_Records supplied_

====================

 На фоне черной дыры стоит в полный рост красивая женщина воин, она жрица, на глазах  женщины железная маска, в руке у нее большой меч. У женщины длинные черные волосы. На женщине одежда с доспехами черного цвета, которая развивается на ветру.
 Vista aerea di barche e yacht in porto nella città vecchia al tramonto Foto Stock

====================

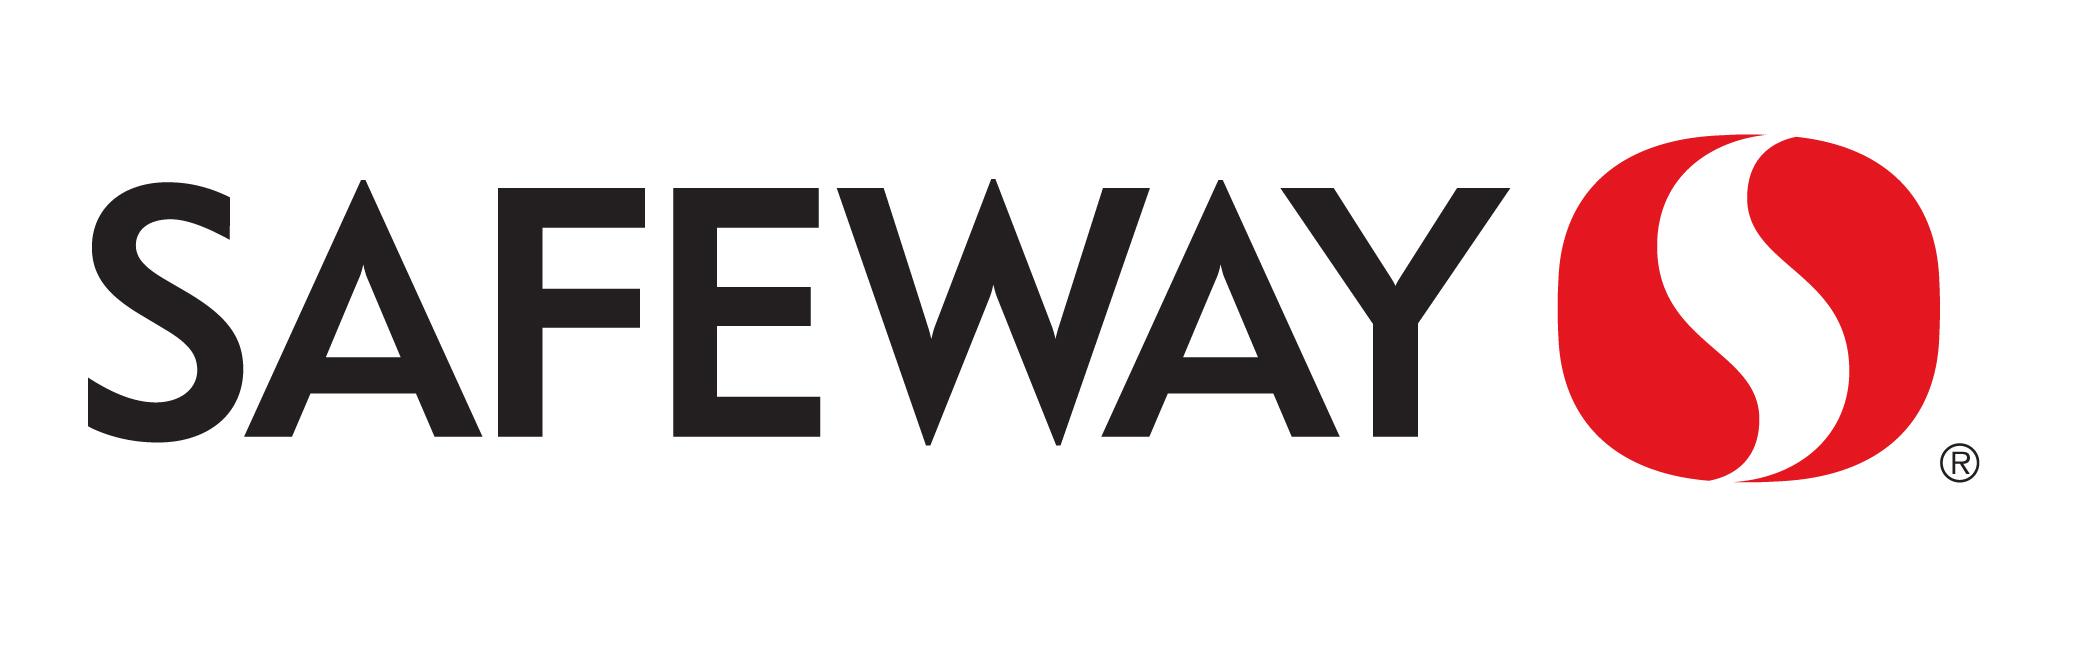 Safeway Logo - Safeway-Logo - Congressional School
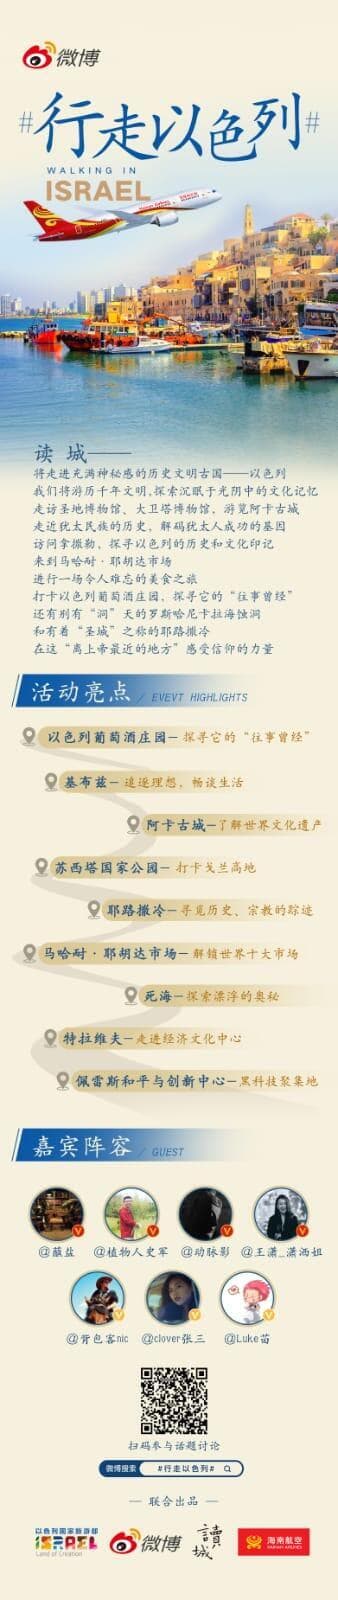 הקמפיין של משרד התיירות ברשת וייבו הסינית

====================

_Aim of the task_
Only the lines above from the one with "На фоне черной" up to and including the one with "Vista aerea di" should be repeated, exactly as written.

_Exercise response_
 На фоне черной дыры стоит в полный рост красивая женщина воин, она жрица, на глазах  женщины железная маска, в руке у нее большой меч. У женщины длинные черные волосы. На женщине одежда с доспехами черного цвета, которая развивается на ветру.
 Vista aerea di barche e yacht in porto nella città vecchia al tramonto Foto Stock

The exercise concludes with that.